**Work request**
If pictures appear in the lines below, skip them and copy exactly the lines from the one containing "Rear view of" through the one containing "Postbox robot with weapons", and nothing else.

**Data to process**

[Start of section]

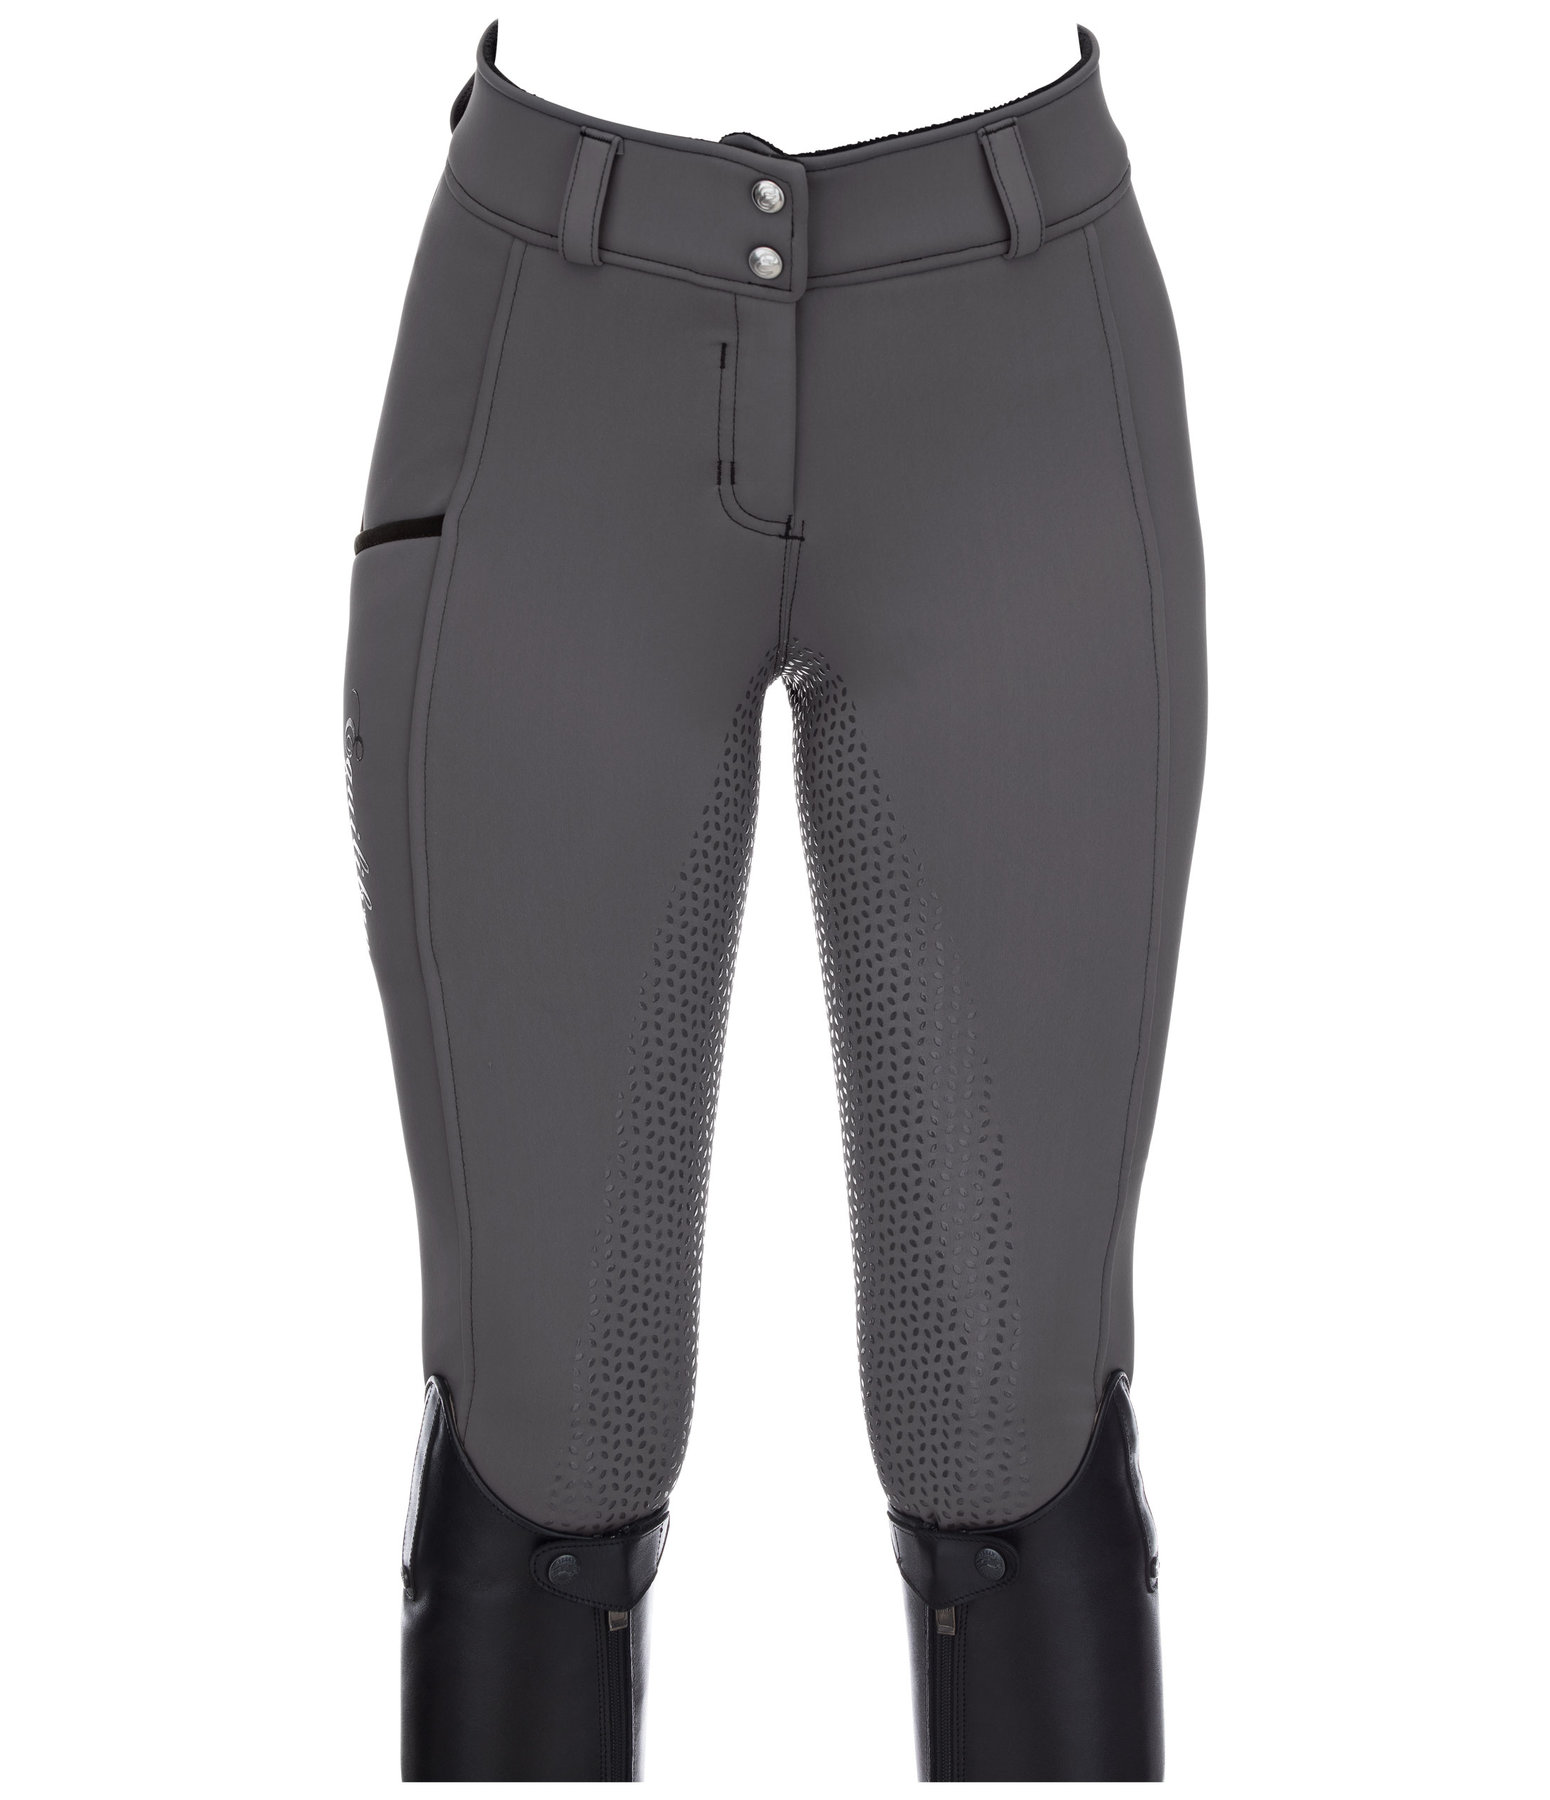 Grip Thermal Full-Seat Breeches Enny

[End of section]
[Start of section]

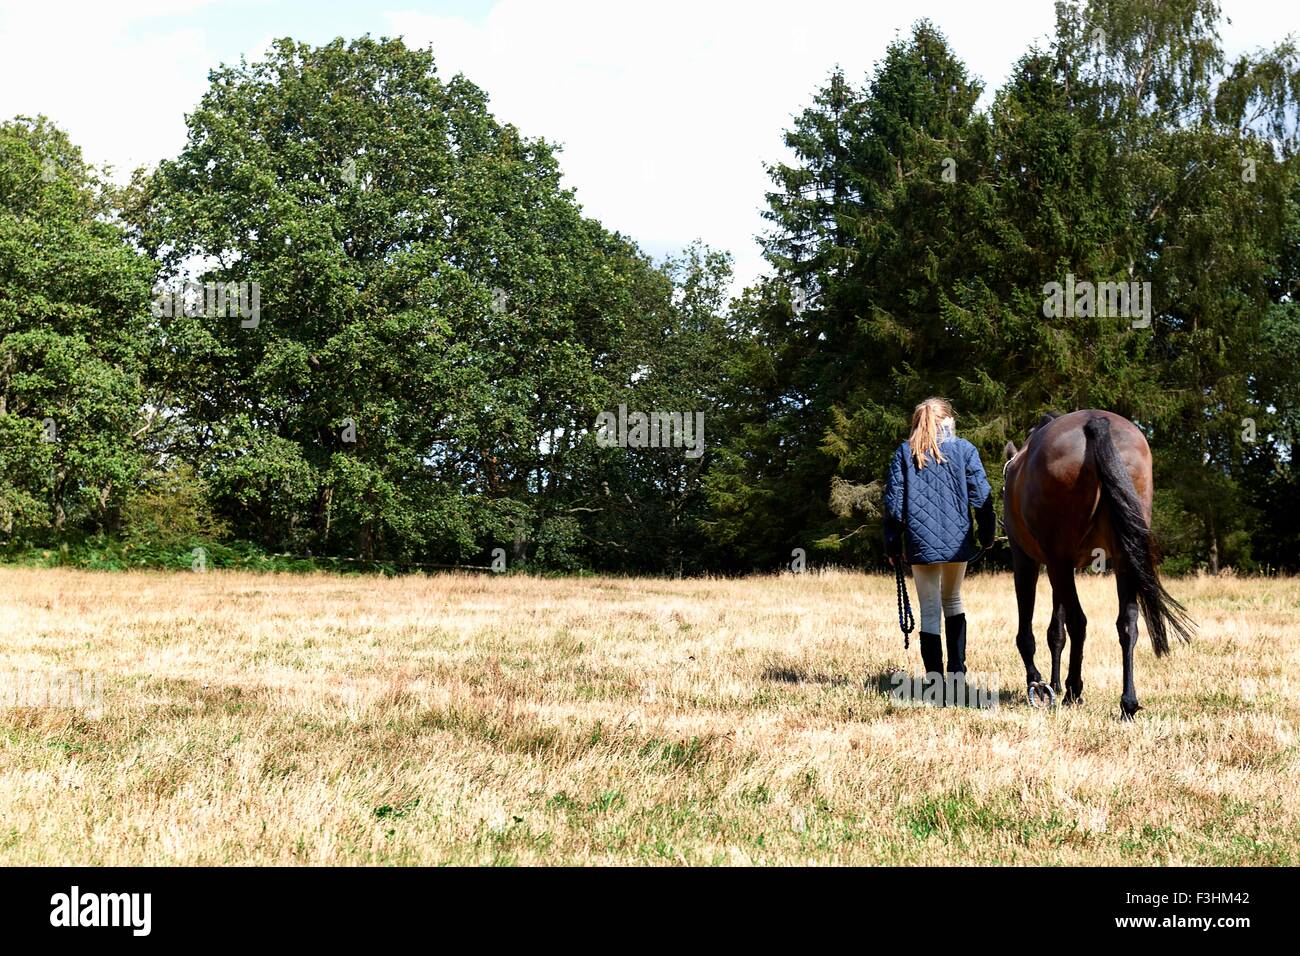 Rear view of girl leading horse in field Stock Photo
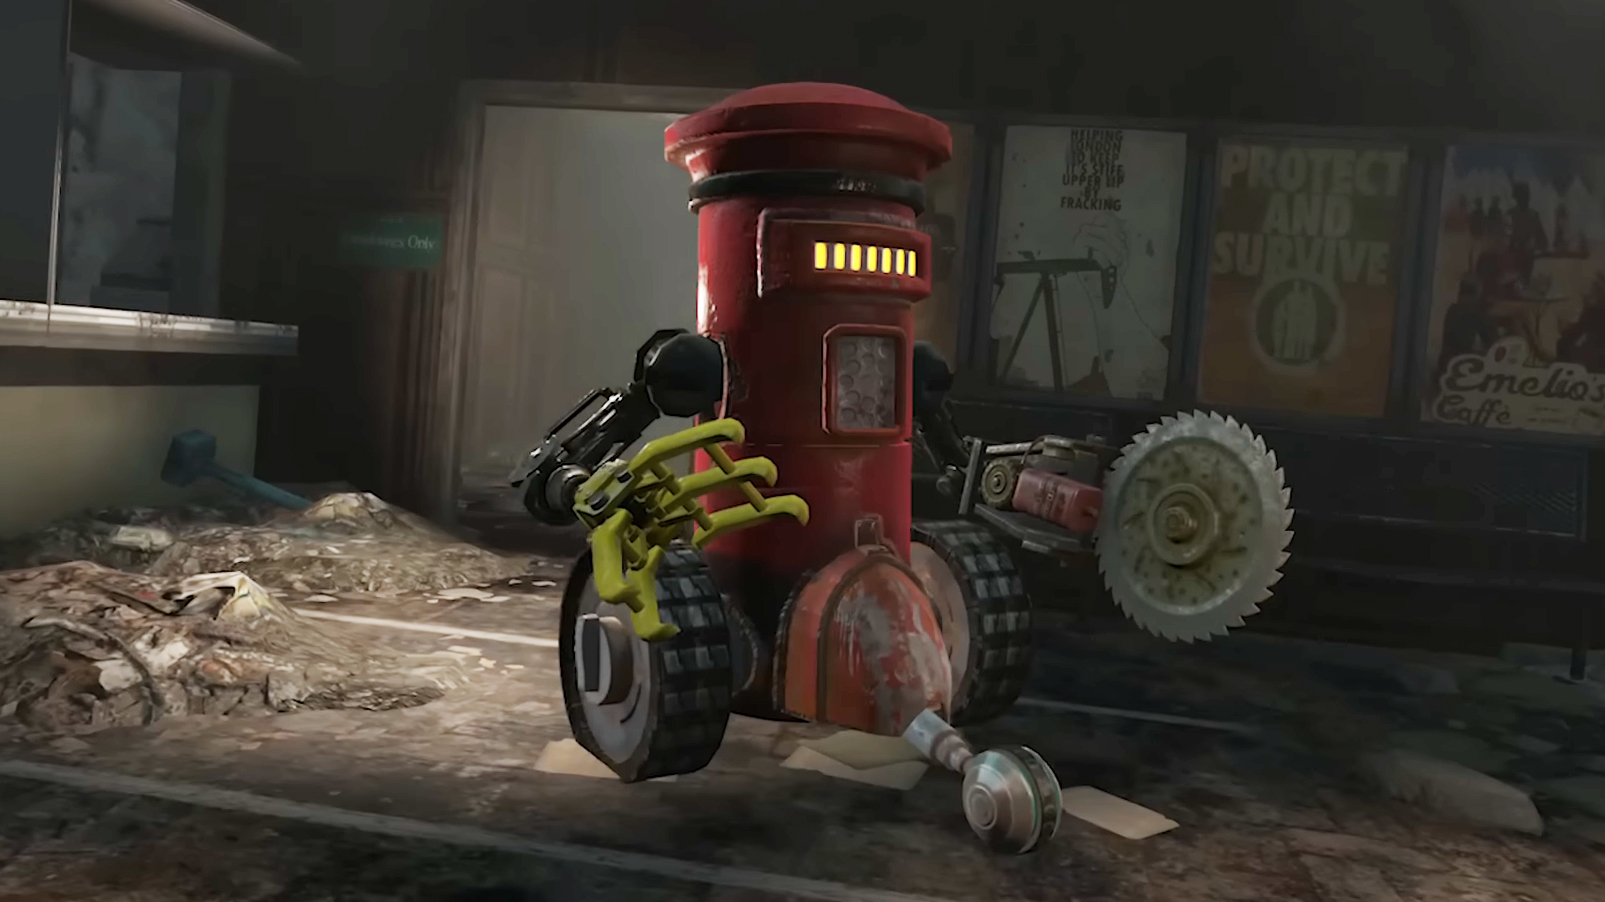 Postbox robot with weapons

[End of section]
[Start of section]

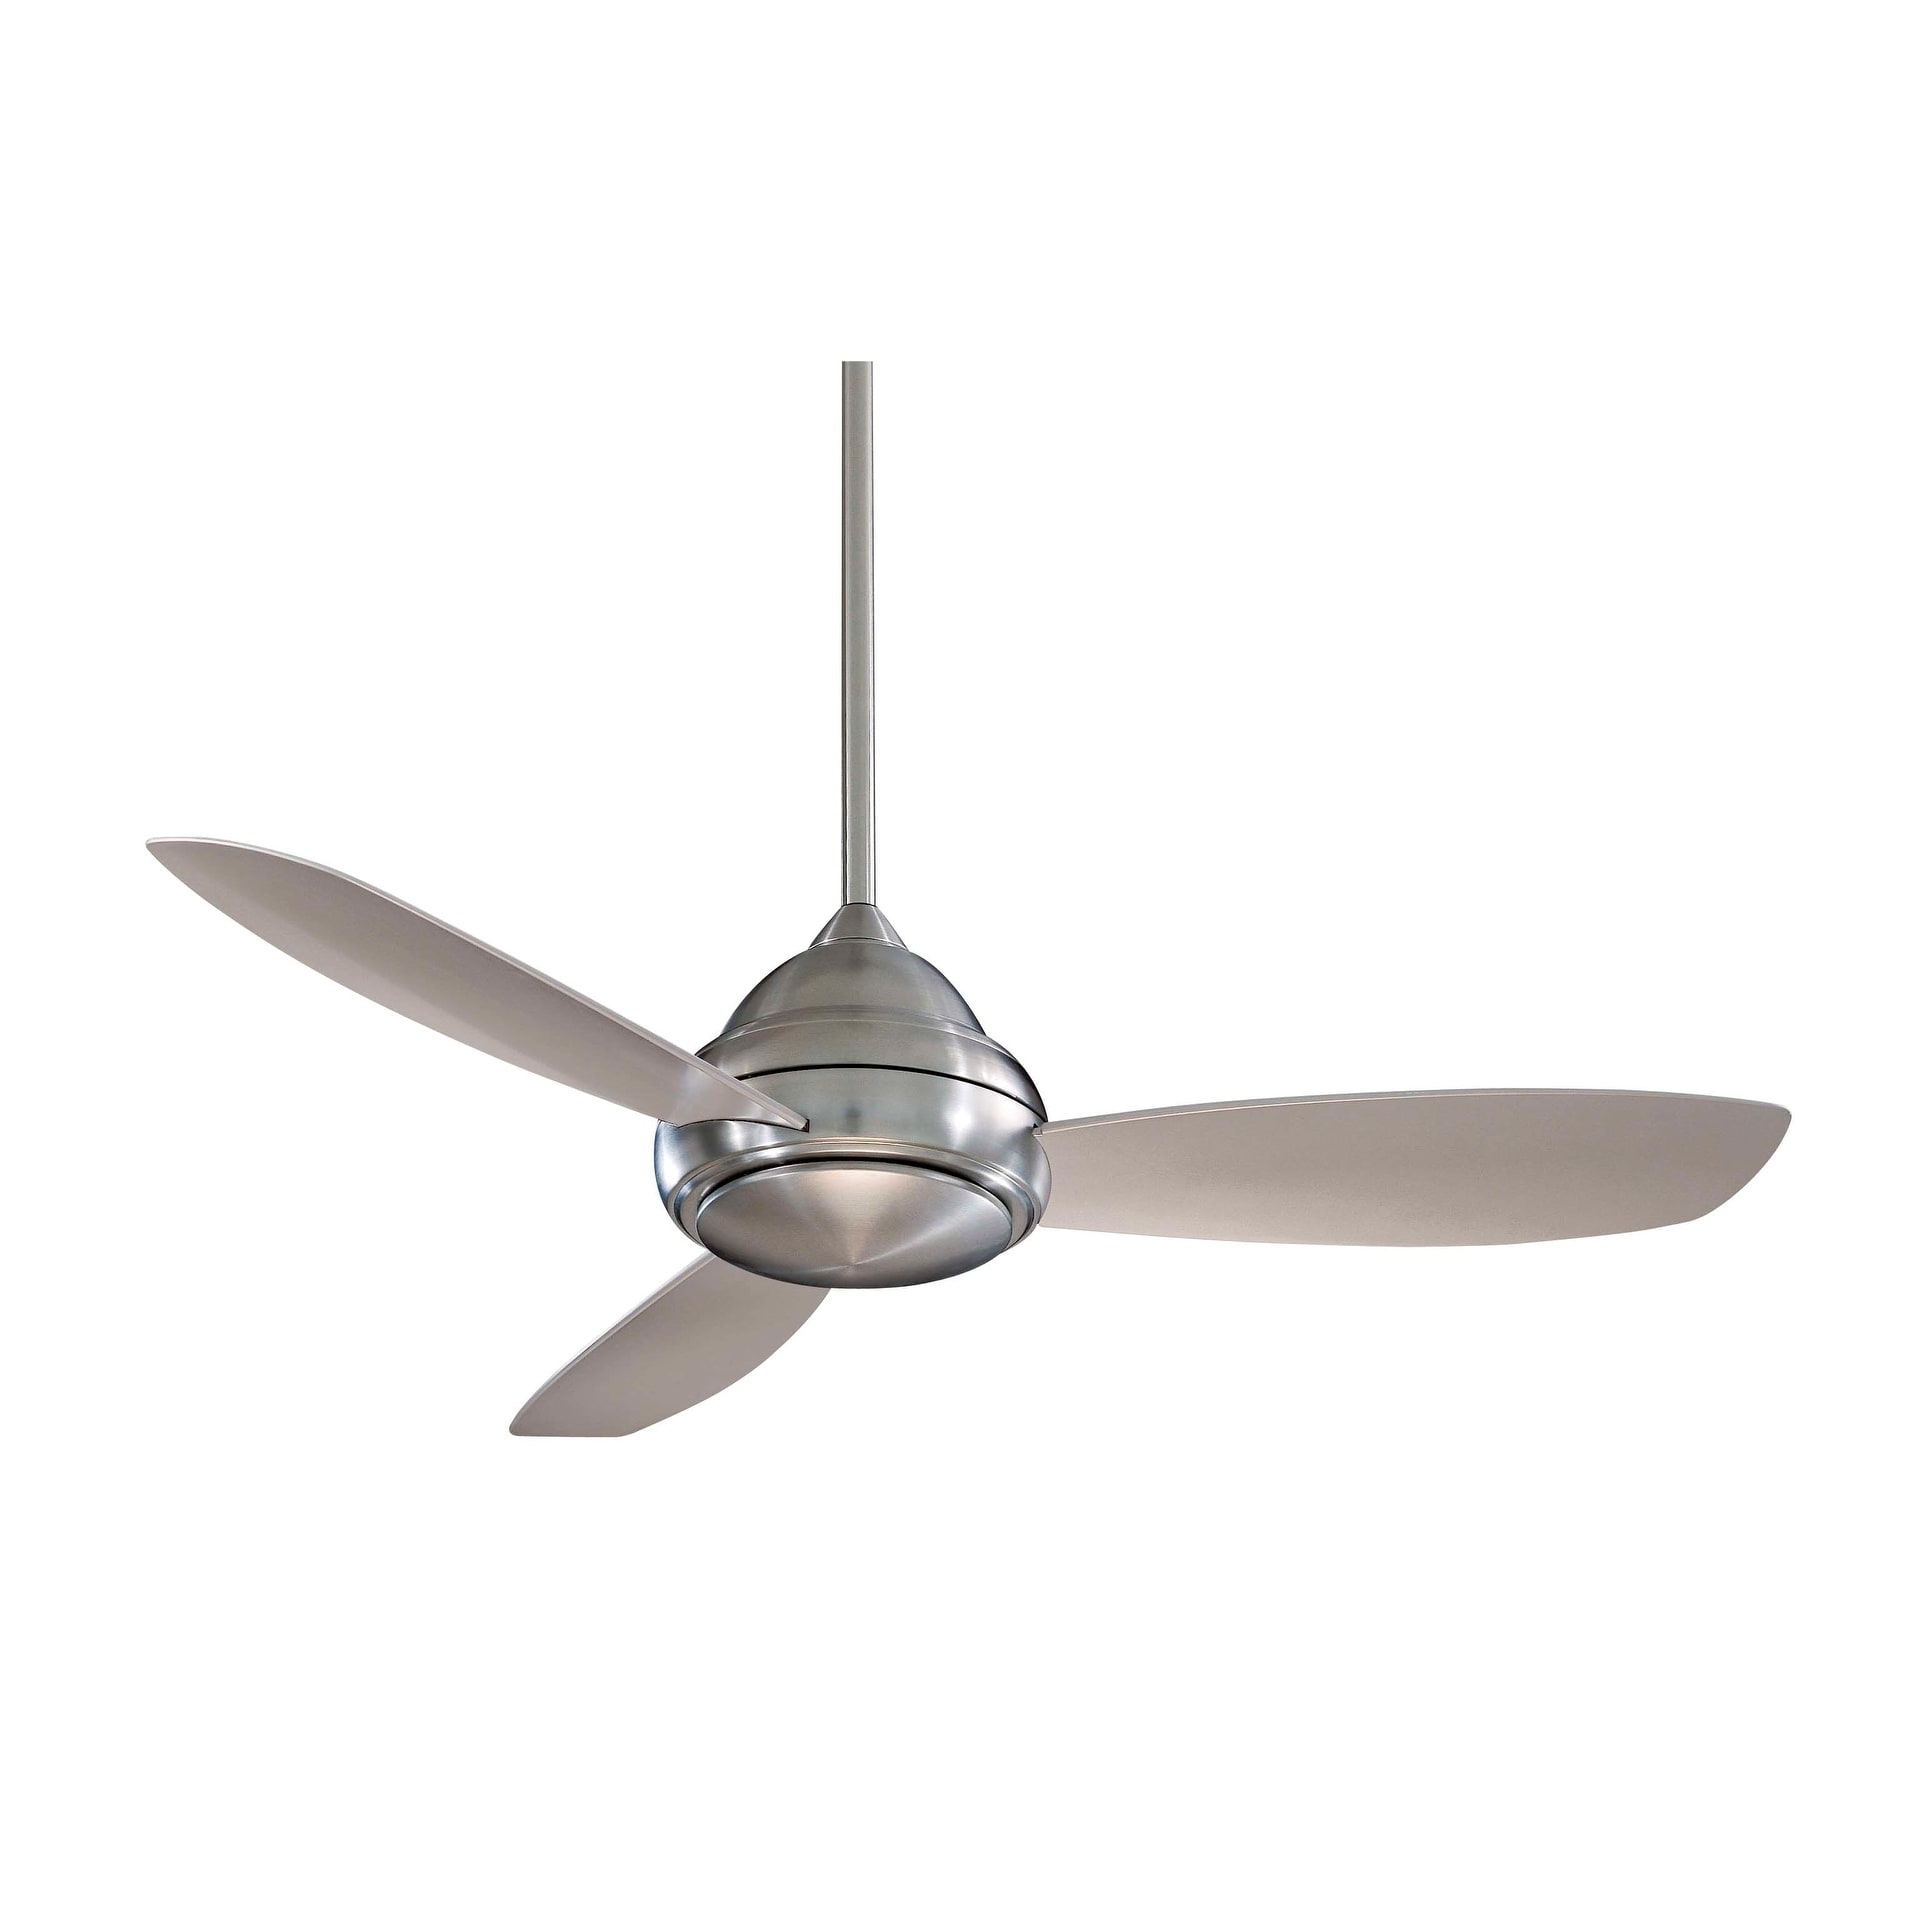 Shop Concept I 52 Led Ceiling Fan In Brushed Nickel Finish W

[End of section]

**Task solution**
 Rear view of girl leading horse in field Stock Photo
 Postbox robot with weapons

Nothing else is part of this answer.